The presentation said ComSoc’s projected available funds for the entire year is $215,690, which is funded in part by the mandatory student fee of $55 and an additional optional $15 student fee.

The ComSoc finance department is responsible for overseeing the financials of over 70 stakeholders, including internal and external entities ratified under ComSoc, according to the presentation.

The presentation proposed possible solutions like raising awareness about funding opportunities and granting loans that will benefit the greater student body.

“ComSoc is not immune to current marketplace financial uncertainty, and we are working diligently to minimize risk by ensuring clubs operate effectively and efficiently,” ComSoc executive team RMK said in an email statement to The Journal.

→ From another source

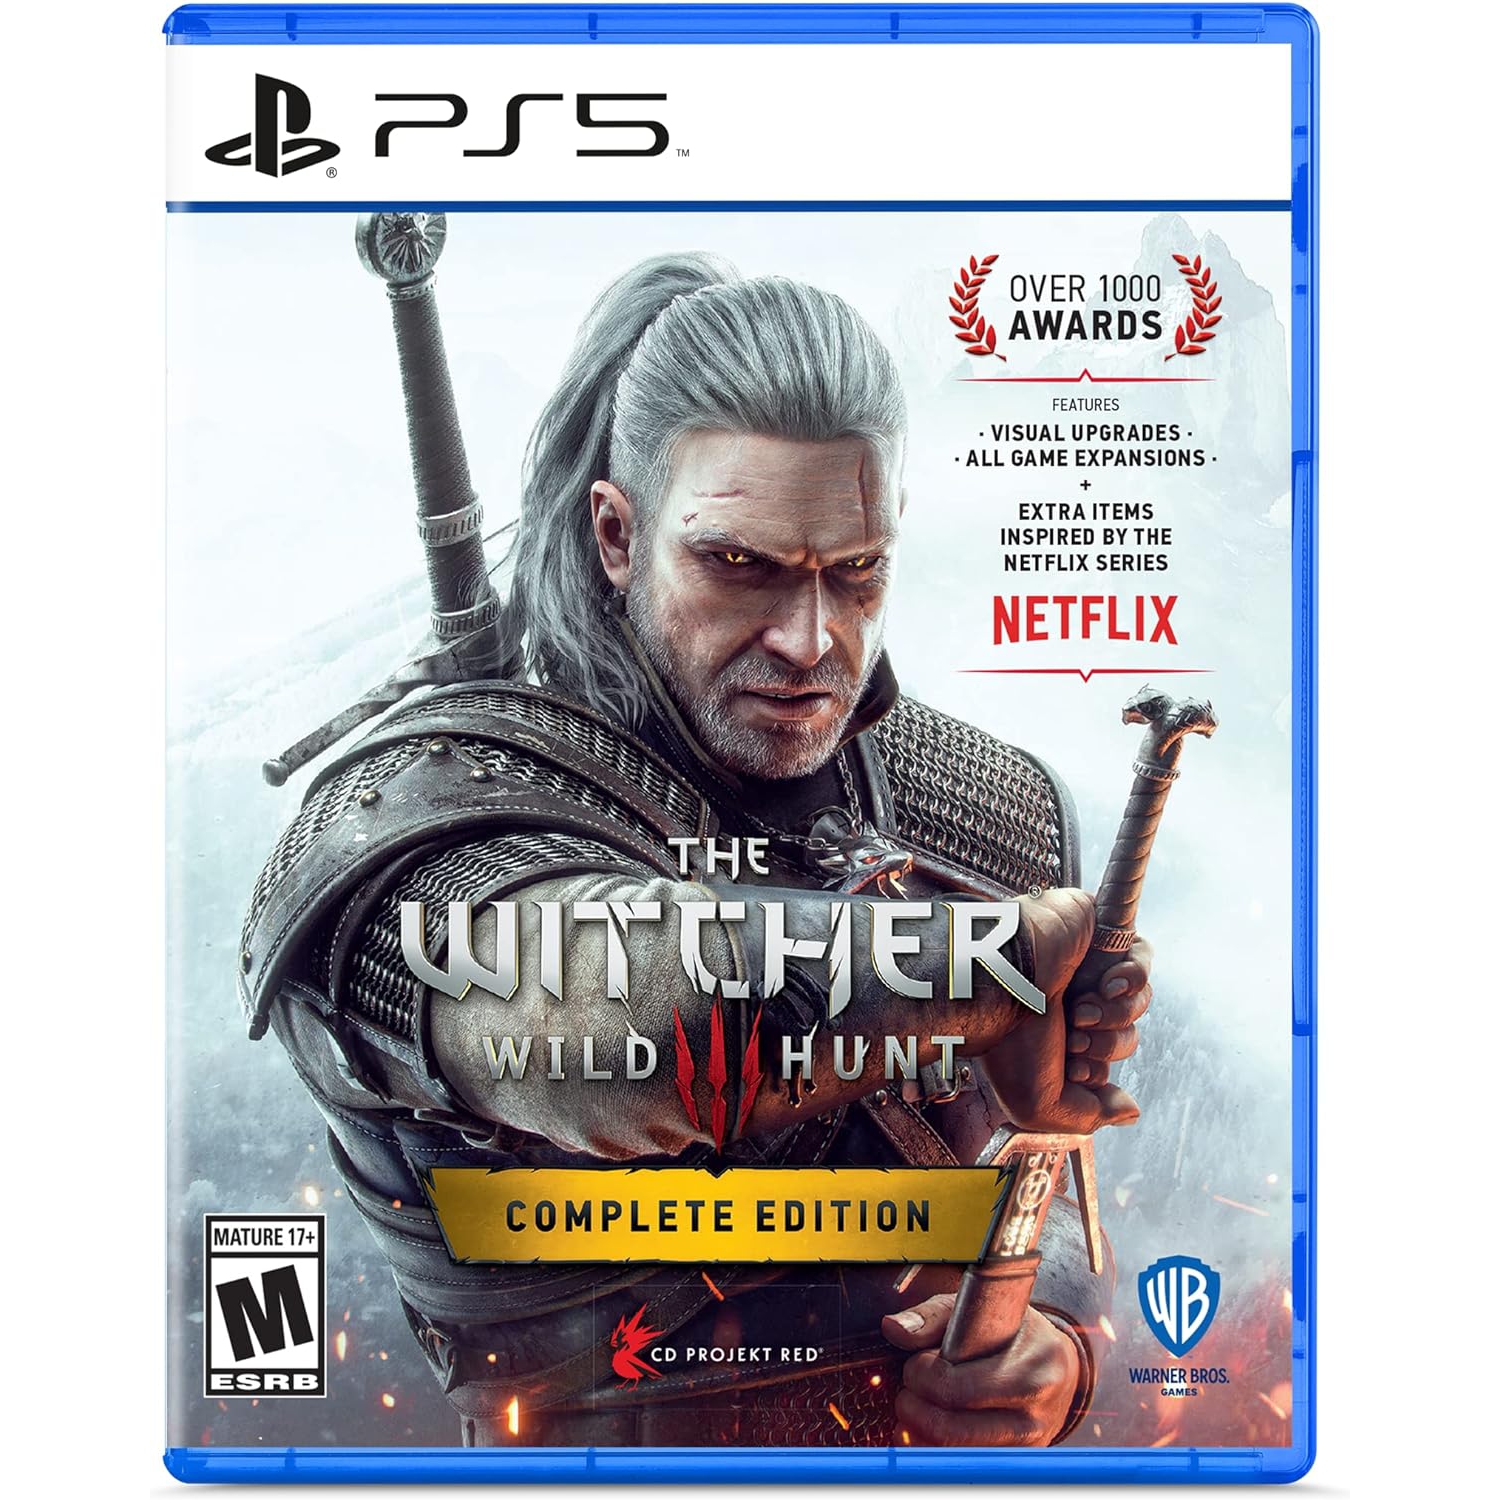 The Witcher 3 Wild Hunt - Complete Edition Playstation 5

The team said they’re “confident” in supporting all of ComSoc’s clubs and have a “strong” financial position.

“We are grateful for all leaders' patience, dedication, and openness in working collaboratively to reach creative solutions... we continue to work with clubs to ensure financial stability,” team RMK said.

ComSoc clubs such as Queen’s Technology & Media Association (QTMA) were among clubs planning to host more in-person events this fall, Mahir Hamid, QTMA co-chair, said in an email statement to The Journal. 

QTMA has an internal product development team launching four software products with a “leaner” budget and plans to host more external events.

The club was “denied” funding in several areas with the ComSoc finance team giving thorough reasoning and applying a consistent policy to all clubs, according to Hamid.

“Nevertheless, we’re extremely grateful for their generosity and help throughout this unprecedented year and can’t wait to use our budget to good use.”

Getting sponsorship this year is challenging for some ComSoc clubs, according to Hunter MacKinnon, co-chair of Queen’s Entrepreneurs’ Competition (QEC).

Companies are tightening policies around money and are less likely to “hand [it] out,” making it difficult for clubs to secure sponsorship deals.

“When talking to long-term sponsors, [they say] it’s not as easy to spend this year. Money’s tight all around the world,” he said in an interview with The Journal.